Overflowing with ideas for their new home, Dad pictured spending weekends and evenings together with Mom in domestic unity—painting, stripping woodwork, building shelves—to create the lovely home they both envisioned. But it didn’t work out that way.
Instead, Dad lost his job.
Mom, baby Linda, Paul, Dad: April 1949.
It’s unclear why Hotpoint Refrigeration Company let Dad go that summer of 1949, but it threw my parents into a tailspin. Painful memories of her family’s possessions strewn across the sidewalk outside the Koroschetz home came flooding back to Mom. Would her family again be put out on the street? They would lose their down payment, as well as the $1500 they had already spent on a new furnace. They had set aside Mom’s entire secretarial salary for four years; all their savings were tied up in this house. Dad searched the entire summer in vain for a decent-paying job, each day tightening the knot of fear strangling their hearts.
Relief came in August 1949, when Dad was offered a position with the National Board of Fire Underwriters, the NBFU. The starting salary was good, around $3600 a year, but there was one huge drawback: travel—and lots of it.
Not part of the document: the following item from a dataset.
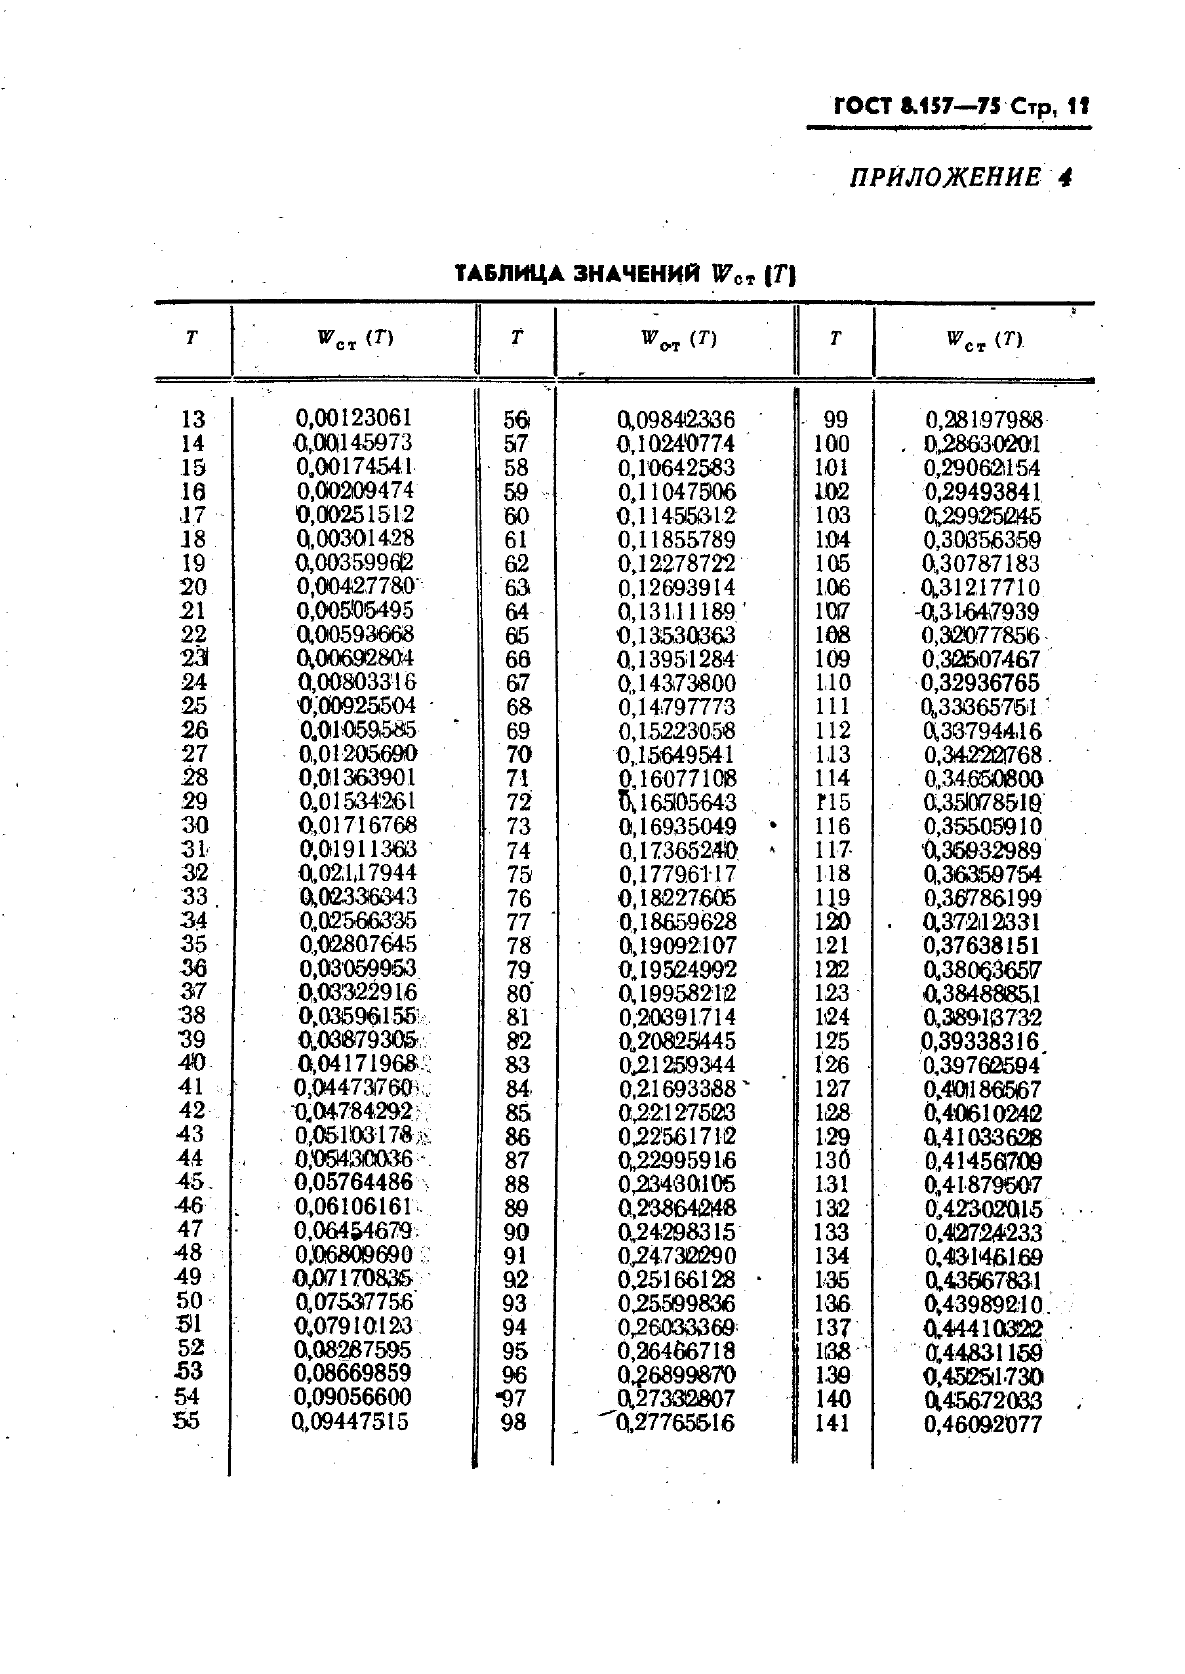  8.157-75,  12.

The National Board’s Chicago office sent engineers throughout its territory, comprising Texas, Louisiana, Oklahoma, Missouri, Minnesota, Ohio, Indiana, Michigan, Kansas, Iowa, and Wisconsin. Their job was to document a city’s preparedness for fighting fires and natural disasters. Winter was set aside for the lengthiest trips, to faraway, warm-weather states where, in January, fire hydrants could spout water (to test that the pressure was adequate to fight multiple fires at once), and the men could trudge across miles of city streets on outdoor inspections without freezing. Dad would be gone for up to seven weeks at a time during Chicago’s harshest months.